'American Pastoral' is grueling and thin

'Pastoral' is directed by and stars Ewan McGregor as protagonist Swede Levov, whose daughter (Dakota Fanning) becomes a member of the Weather Underground. Jennifer Connelly co-stars.

Richard Foreman/Lionsgate
Ewan McGregor (l.) and Jennifer Connelly appear in ‘American Pastoral.’

The title of Philip Roth’s seething 1997 novel, “American Pastoral,” is barbed. It’s a book about how the American dream morphed into a nightmare in the decades following World War II. It’s an overarchingly ambitious work that, in recounting the tragedy of a seemingly picture-perfect family, attempts to corral all the political, social, and racial conflicts that were tearing the United States apart. 

It should come as no surprise, I suppose, that the movie that has been made from Roth’s novel, starring and directed by Ewan McGregor and adapted by John Romano, is insufficient. There is simply too much ground to cover. To make matters worse, a lot of that ground was novelistically rendered by Roth in ways that don’t translate well to film. Interior psychological states, delivered as narrative, are the book’s bloodstream. 

But even allowing for these impediments, why did the film have to be so bland? It’s as if a swirling oil painting had been turned into a paint-by-numbers tableau. The film is a dutiful attempt to convey some of the vehemence of the novel – of the counterculture of the 1960s and early ’70s especially – but McGregor, making his directorial debut, lacks the temperament to do this era justice. He’s an innocent bystander in the melee.

The film takes as its hero Seymour Levov (McGregor), a high school football champion with charismatic good looks. Seymour is known by everyone in the largely Jewish community of Weequahic, N.J., as “Swede.” After a stint in the Marines, he marries Dawn (Jennifer Connelly), an Irish-Catholic Miss New Jersey; moves to a moneyed, rural New Jersey enclave; and takes over the family glovemaking business in Newark, N.J., where the majority of its long-term workforce is black. Their only child, Merry (played as a young adult by Dakota Fanning), has a severe stutter, and, growing up, a fixation on Audrey Hepburn, that icon of feminine grace.

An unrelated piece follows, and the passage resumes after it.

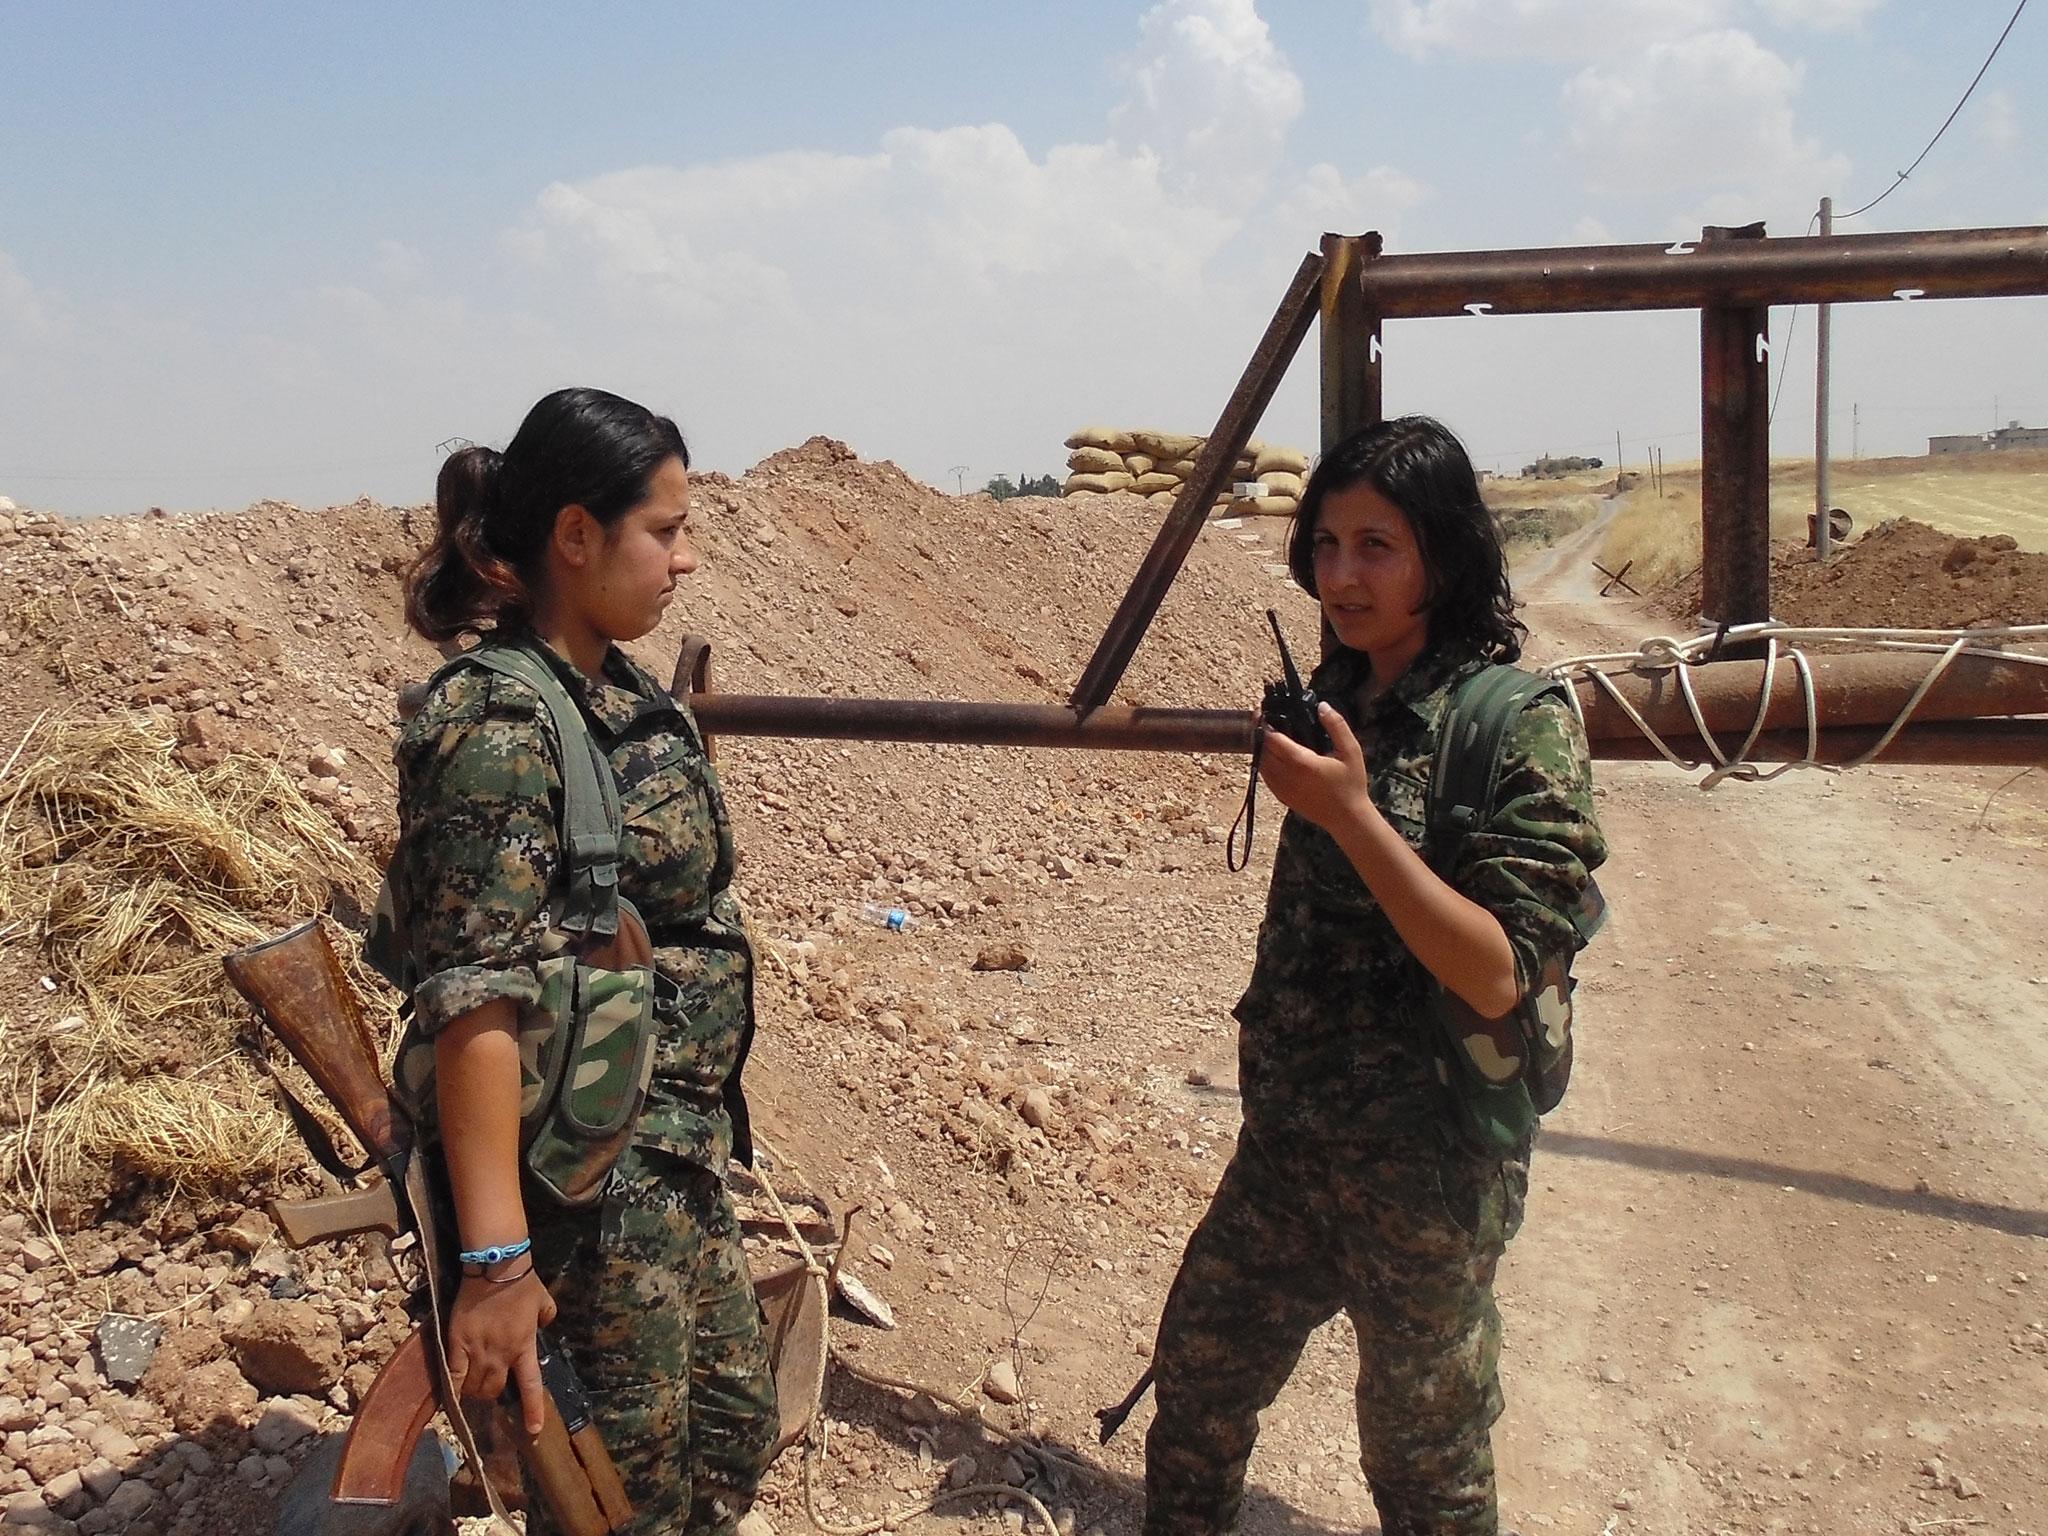 Female fighters of the YPJ (women’s defence units) in Rojava, a Kurdish controlled area of Syria

By 16, Merry has become something of a horror – a homegrown Vietnam-era “revolutionary” in the Weather Underground who mercilessly chastises her parents’ bourgeois hypocrisies and steals into New York at every opportunity to congregate with her cabal of fellow radicals. Forbidden to do so anymore by Swede, she takes the war home, bombing a local post office/general store and killing its beloved proprietor in the process. When Merry disappears underground, Swede refuses to accept her guilt and wears down his life seeking her whereabouts. 

The film’s problems begin with its central piece of miscasting. McGregor, a capable actor, does not have the shimmering charisma that the role calls for. (Ideal casting would have been the youngish Paul Newman, or, nowadays, perhaps Liev Schreiber.) Swede’s downfall is intended as a stand-in for the postwar collapse of American pastoralism. His tragedy is the country’s. For this heavy-duty symbolism to work – and Roth overplays the symbolism in the novel – Swede needs to be larger than life. He’s a demi-diety brought low by atrocious circumstance.

There’s a residual poignancy in the way Swede denies his daughter’s guilt until, years later, he finds her in dire straits, aided by the suspect assistance of a fellow “revolutionary” (Valorie Curry) who functions for him as a kind of taunter-stalker. But because Swede is such a tediously suffering lump, our attention inevitably shifts to Merry, who, as Fanning plays her, at least has some fire. She jolts the screen. 

The film offers up periodic newsreel bulletins of the turmoil of the times – Vietnam, Watergate, the Newark race riots – but these serve only to highlight the film’s otherwise anemic attitude. With the exception of Fanning, and Peter Riegert, who provides some comic oomph as Swede’s loudmouth father, the actors all seem frozen in place by the movie’s sloggy, mournful pacing. Connelly’s Dawn, who, unlike her husband, wants only to blot out the past, should be far more poignant than she is here. Even the usually reliable David Strathairn – who, in a small role, plays Nathan Zuckerman, the Roth surrogate and narrator who sets in motion from a high school reunion the film’s flashback structure – seems afflicted by an overdose of somberness.

The entire film seems afflicted in this way. This was also true of the novel, which heaped horror upon horror. Sophisticated as Roth is, he’s obsessed by the startling revelation that American life isn’t like a Norman Rockwell painting. He can’t conceive of any genuine transcendence in the American dream, and the film, with its punishing catalog of woes, duplicates that dubious, insubstantial mind-set. It’s a grueling movie, and a thin one. Grade: C+ (Rated R for some strong sexual material, language, and brief violent images.)